- Born: August 14, 1990 (age 35) Regina, Saskatchewan

Team
- Curling club: Highland CC, Regina, SK

Curling career
- Member Association: Manitoba (2014–2018) Saskatchewan (2018–present)
- Brier appearances: 6 (2013, 2015, 2018, 2020, 2021, 2022)
- Top CTRS ranking: 2nd (2016–17)
- Grand Slam victories: 2 (2016 Champions Cup, 2019 Masters)

Medal record
Representing Saskatchewan
Tim Hortons Brier
| Bronze medal – third place | 2020 Kingston |  |
| Bronze medal – third place | 2021 Calgary |  |

= Braeden Moskowy =

Canadian curler

Braeden Moskowy (born August 14, 1990) is a Canadian curler from Regina, Saskatchewan. He is a Canadian junior curling champion and a six-time Brier competitor.

==Career==
Moskowy has represented Saskatchewan in two Canadian Junior Curling Championships: skipping the province in 2010 and 2011. At the 2010 Canadian Junior Curling Championships, he lost in the semi-final to Ontario's Jake Walker. At the 2011 Canadian Junior Curling Championships, Moskowy finished 12–0 in the round robin advancing to the final. In the final Moskowy beat Ontario's Mathew Camm to finish the week a perfect 13–0. Moskowy became the 5th team in Canadian Junior history to go undefeated. This qualified the Moskowy rink to represent Canada at the 2011 World Junior Curling Championships where the team went on to lose the semi-final as well as the bronze medal game, settling for fourth place.

Moskowy played in his first Grand Slam event at the 2011 Players' Championship, in which his rink became the first junior team to ever qualify at a Grand Slam event. In 2013, he qualified for his first Brier after winning the 2013 SaskTel Tankard 6–4 over Bruce Korte. At the Brier, Saskatchewan went 5–6 in the round robin, missing the playoffs. In 2014, Moskowy moved to Manitoba and joined the Reid Carruthers rink. With the Carruthers rink, Moskowy represented Manitoba at two Briers, in 2015 and in 2018. In 2015, the team went 4–7, missing the playoffs. In 2018, the team qualified for the Championship Pool with a 5–2 record before losing all four of their next games finishing the event with a 5–6 record. Moskowy also won his first Grand Slam with team Carruthers, the 2016 Champions Cup.

After the 2017–18 season, Moskowy left the Carruthers rink and moved back to Saskatchewan to join the Matt Dunstone rink. The team was invited to represent Canada at the third leg of the 2018-19 Curling World Cup. The team won the event, defeating Team Sweden's Niklas Edin rink in the final.

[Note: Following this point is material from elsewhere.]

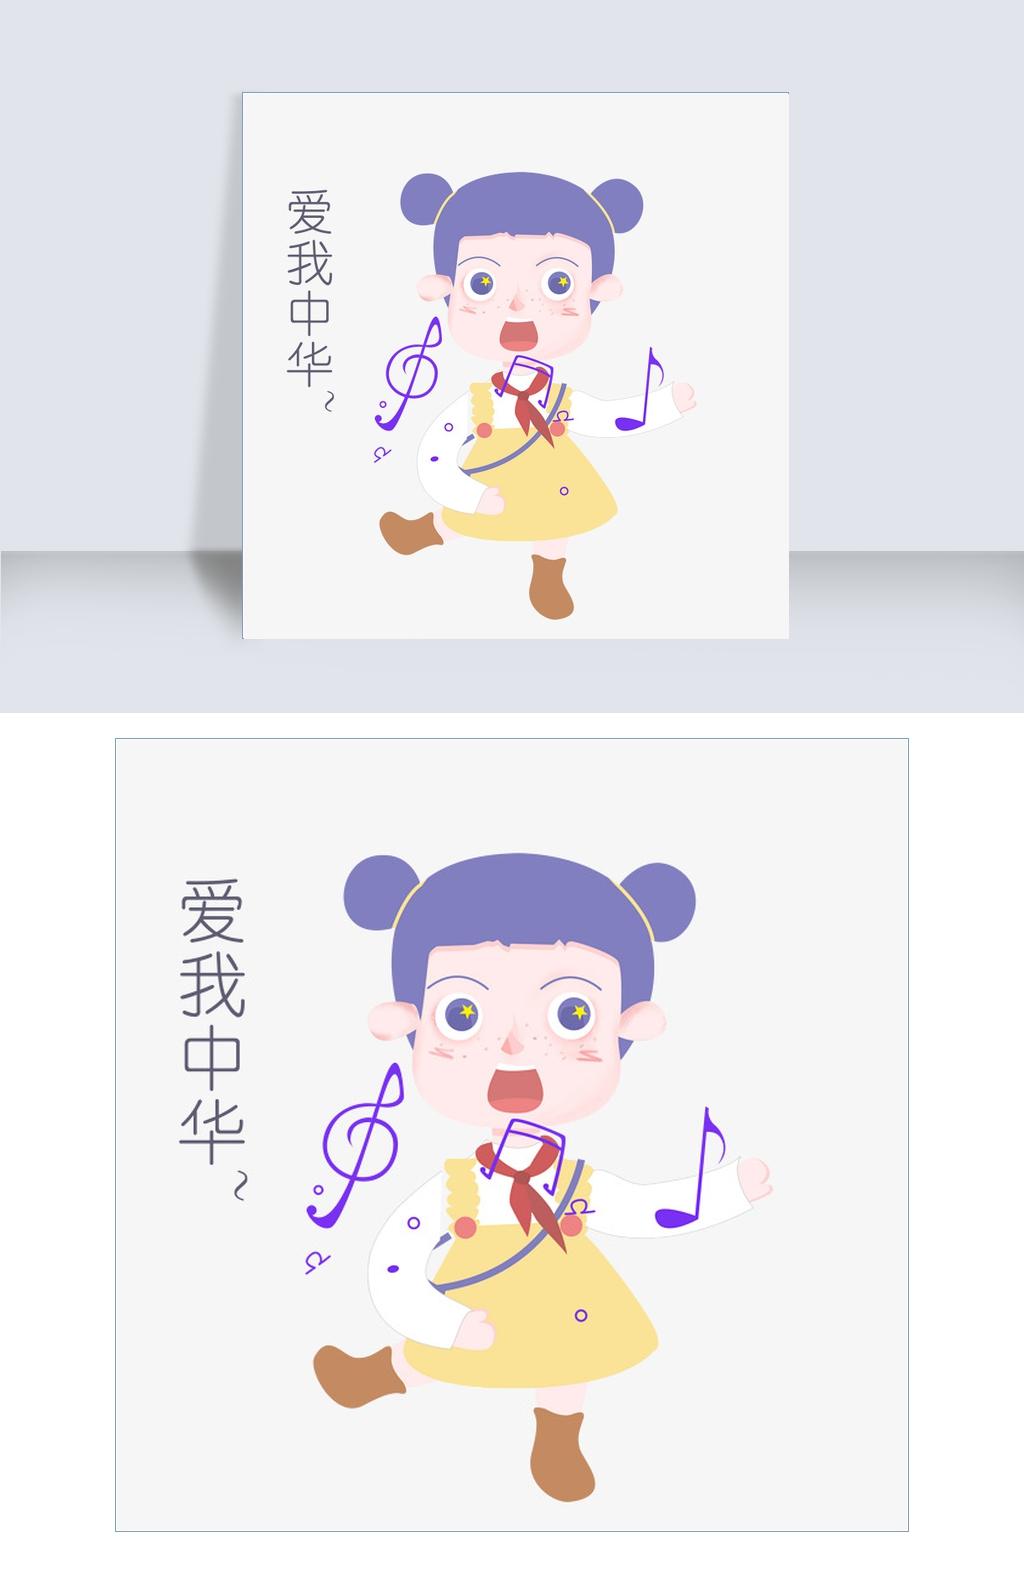 国庆节文字表v文字我中华大全表情gif加节日+人物图片插画包图片

In their first event of the 2019–20 season, Team Dunstone finished runner-up at the Stu Sells Oakville Tankard to John Epping. Dunstone also won his first career Grand Slam at the 2019 Masters where he defeated Brad Gushue in the final. They fell into a slump after their huge win at the slam, not able to qualify at the Tour Challenge, National or Canadian Open and finishing winless at the 2019 Canada Cup. They were able to turn things around at the 2020 SaskTel Tankard. After falling into the C Event, Team Dunstone won four straight games including defeating Kirk Muyres in the final to win the provincial championship. At the 2020 Tim Hortons Brier, they finished the round robin and championship pool with a 8–3 record which qualified them for the 1 vs. 2 game against Alberta's Brendan Bottcher. They lost the game 9–4 and then lost the semifinal to Newfoundland and Labrador's Gushue, settling for a bronze medal. It would be the team's last event of the season as both the Players' Championship and the Champions Cup Grand Slam events were cancelled due to the COVID-19 pandemic. After the season, Team Dunstone added Kirk Muyres to their team, replacing Catlin Schneider at second.

Due to the COVID-19 pandemic in Saskatchewan, the 2021 provincial championship was cancelled. As the reigning provincial champions, Team Dunstone was invited to represent Saskatchewan at the 2021 Tim Hortons Brier, which they accepted. At the Brier, they finished the round robin and championship pool with a 9–3 record, qualifying for the playoffs as the second seed. Facing Brendan Bottcher in the semifinal, they lost 6–5 after Bottcher made a runback to score two in the tenth end. Team Dunstone would have to settle for the bronze medal for a second straight year.

Moskowy was replaced by Colton Lott at the 2021 Canadian Olympic Curling Trials, citing "personal reasons", with no further details revealed. He returned to the team for their run at the 2022 Tim Hortons Brier. Following the season, the team broke up.

==Personal life==
In addition to being a professional curler, Moskowy is Canada wide mortgage broker with TMG (The Mortgage Group). Moskowy's dad, Kelly, represented Saskatchewan at the 2002 Nokia Brier.